Given material Block Start
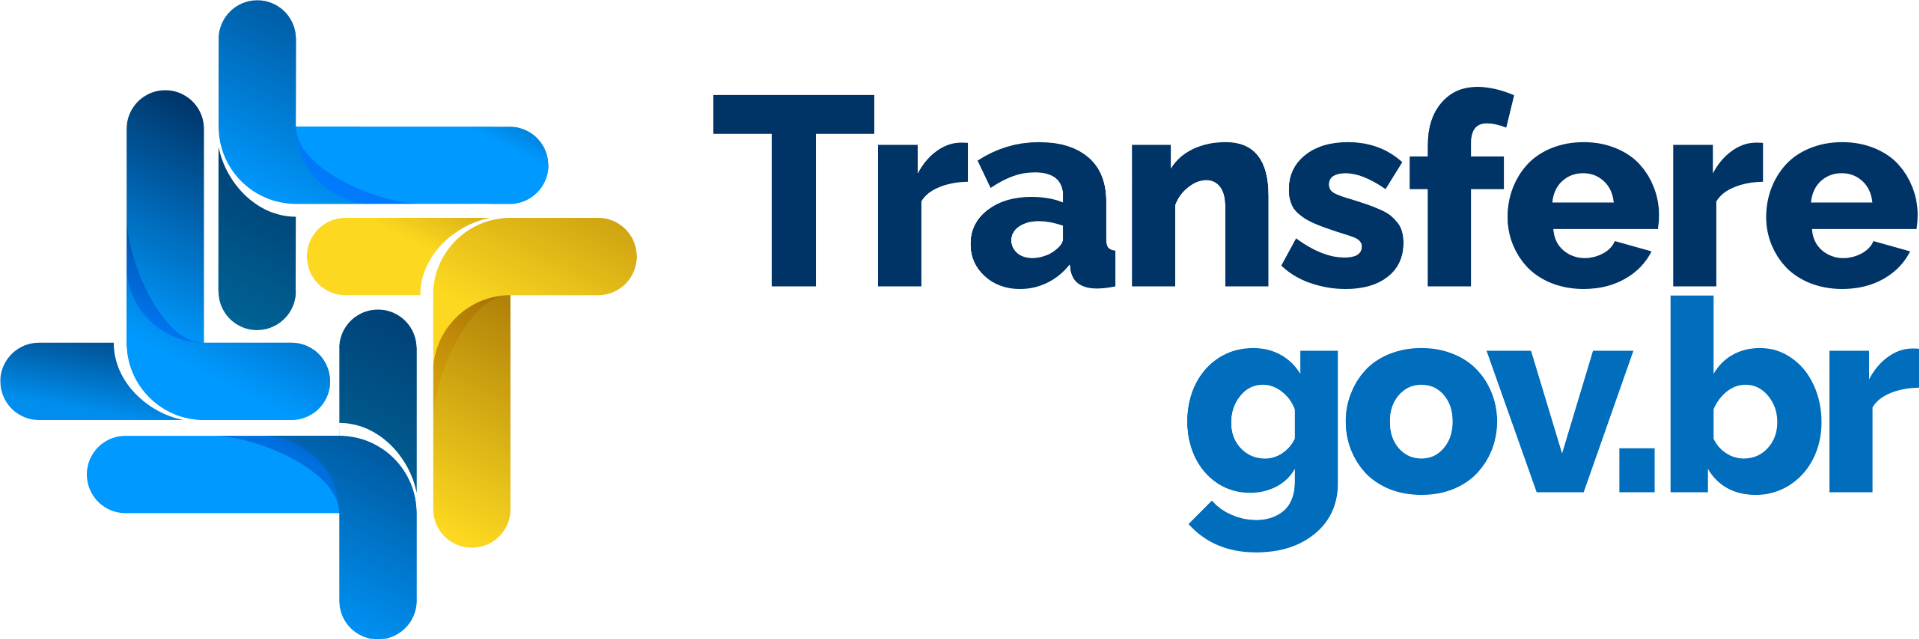 Link para acesso ao: Logo Transferegov.br - horizontal.png
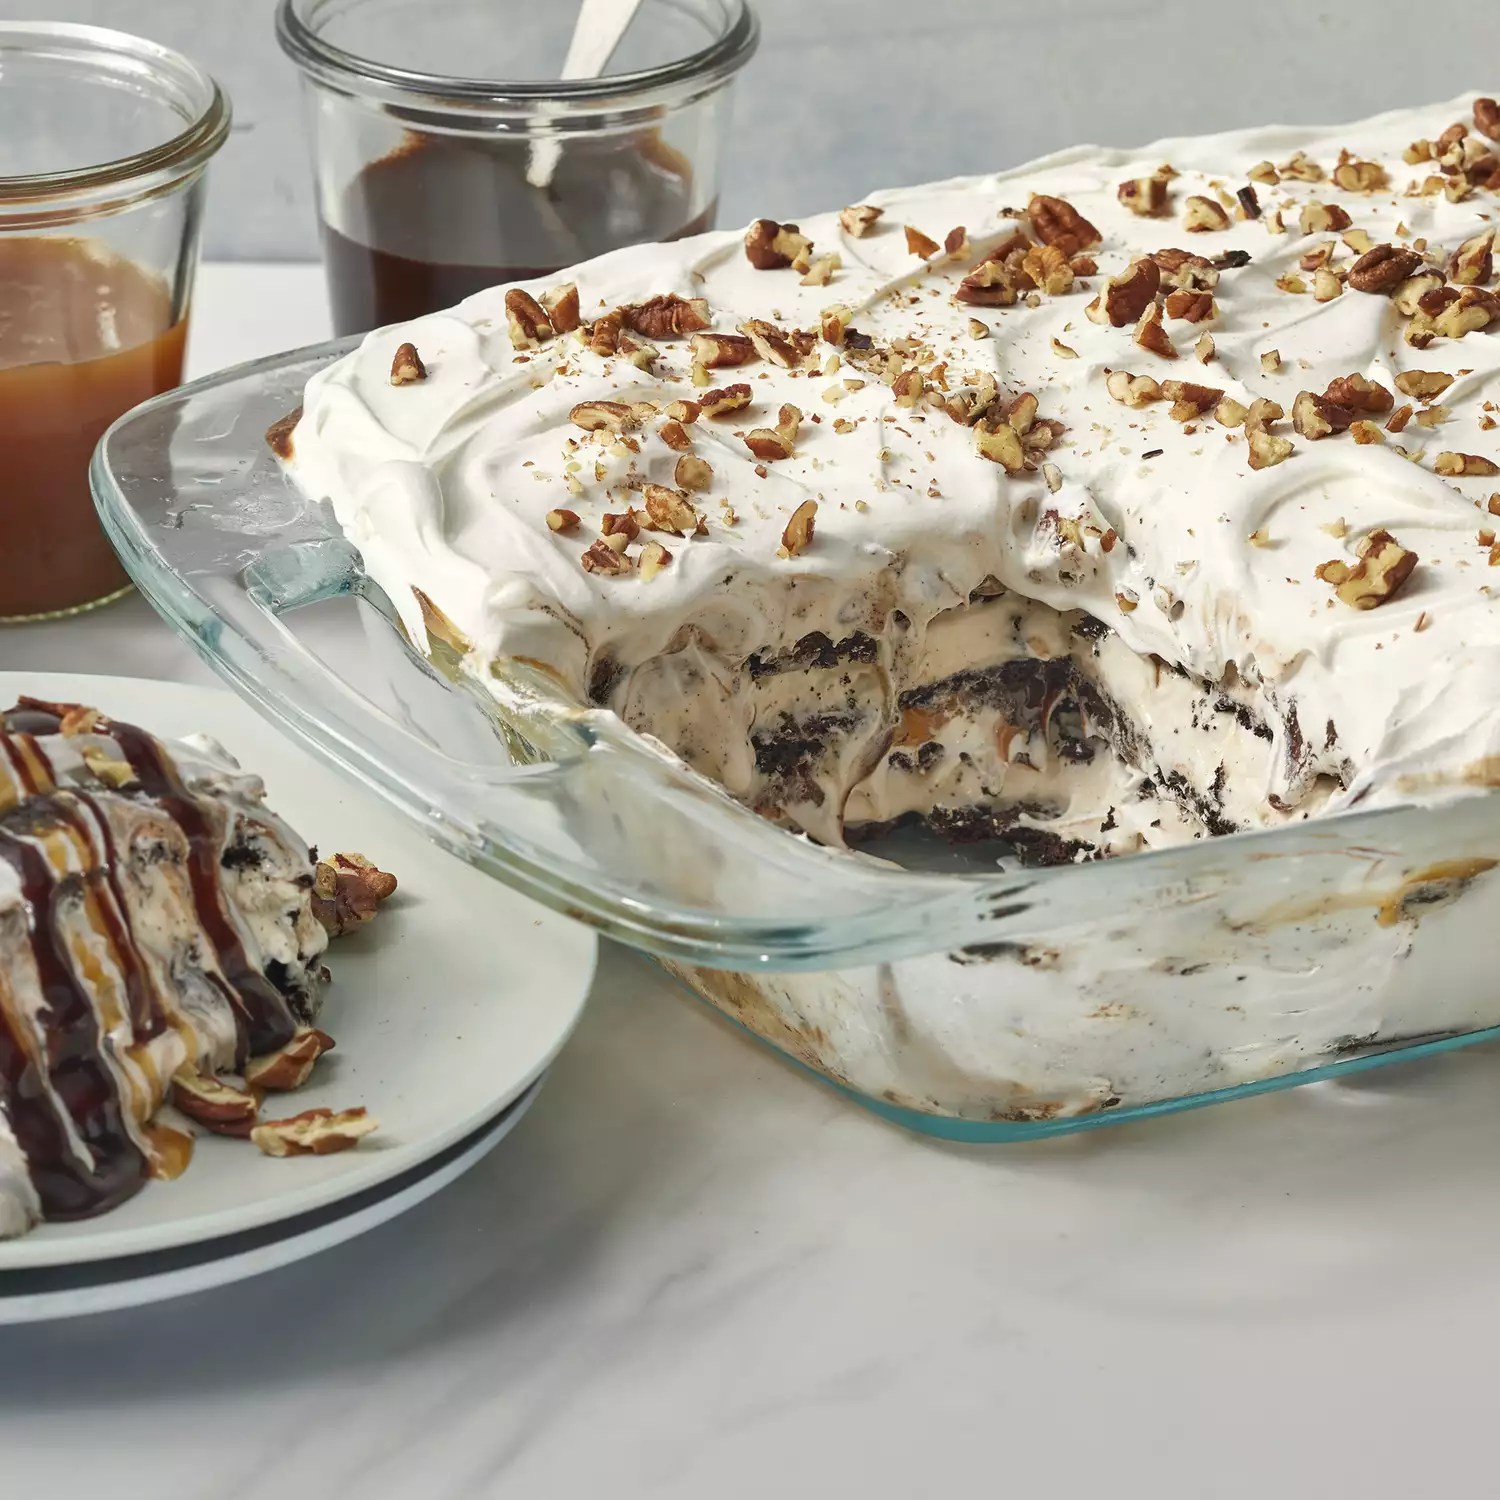 Unbelievably Delicious Ice Cream Cake Recipe!
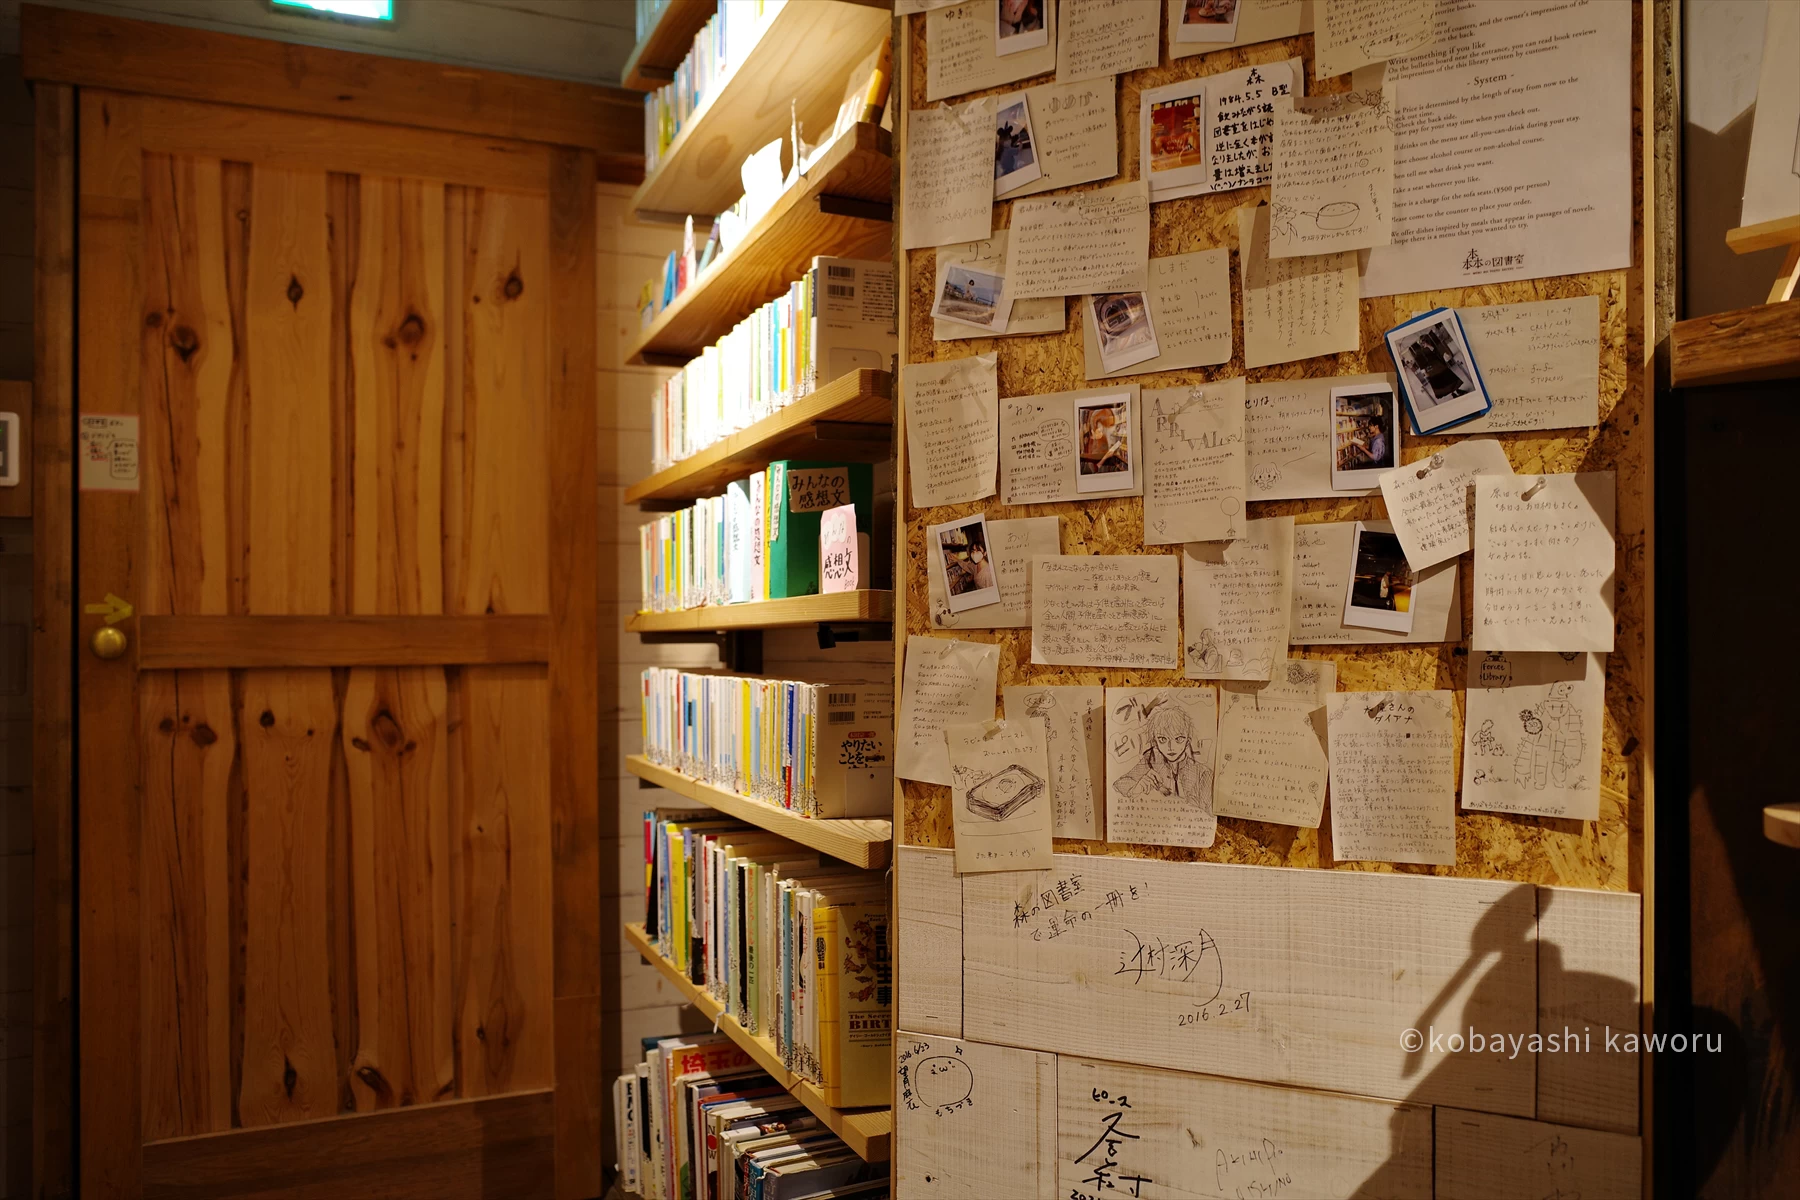 壁には図書委員の紹介と、お客さんの感想メモ
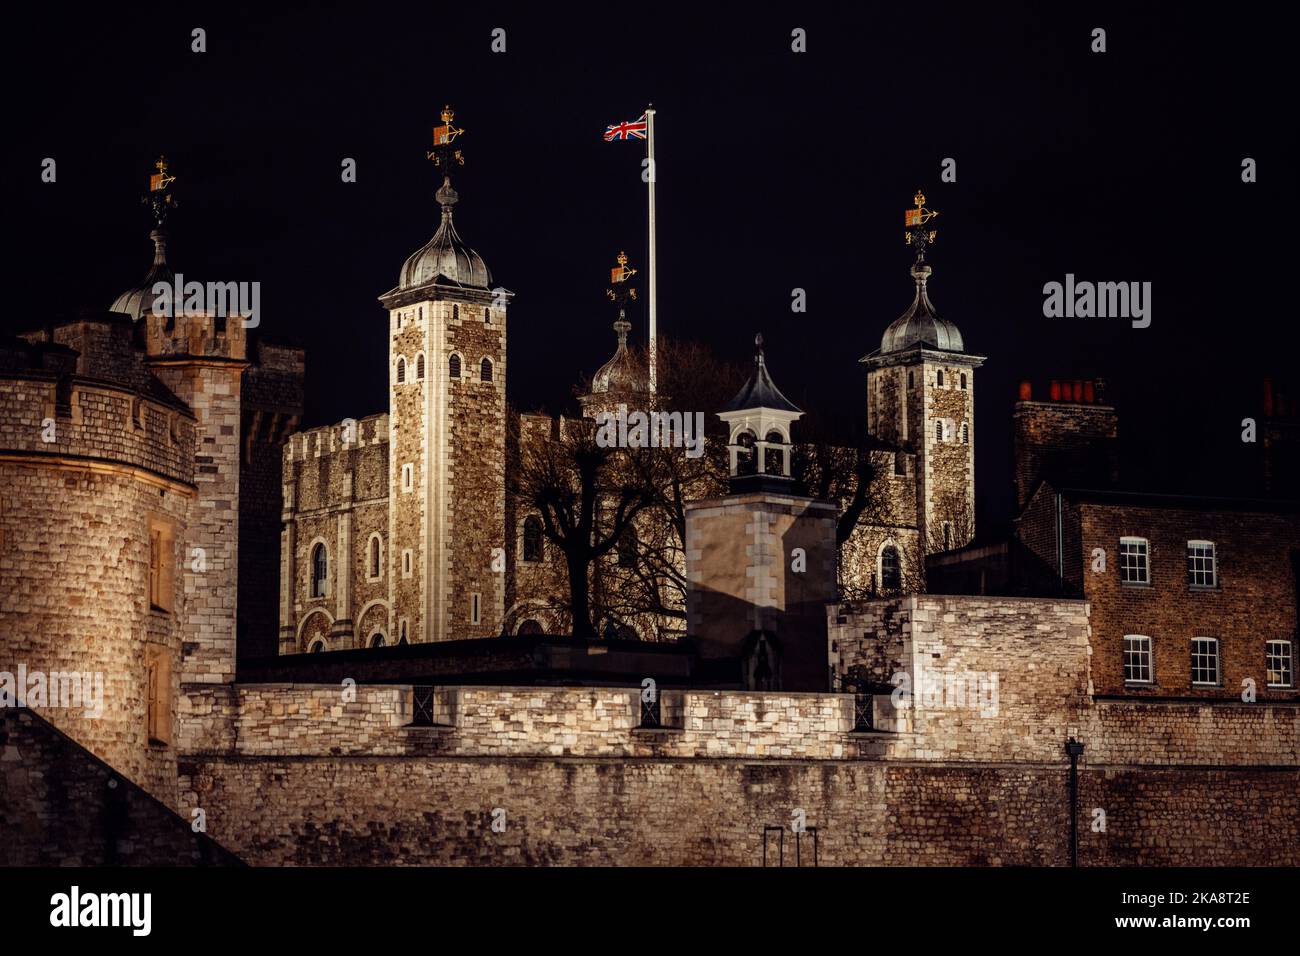 Der Tower of London, offiziell der Königspalast Ihrer Majestät, ist eine historische Burg am Nordufer der Themse im Zentrum Londons Stockfoto
Given material Block End
▶ Problem requirements:
Extract the full listing above verbatim; pictures are to be left out of the copy.

▶ Exercise result:
 Link para acesso ao: Logo Transferegov.br - horizontal.png
 Unbelievably Delicious Ice Cream Cake Recipe!
 壁には図書委員の紹介と、お客さんの感想メモ
 Der Tower of London, offiziell der Königspalast Ihrer Majestät, ist eine historische Burg am Nordufer der Themse im Zentrum Londons Stockfoto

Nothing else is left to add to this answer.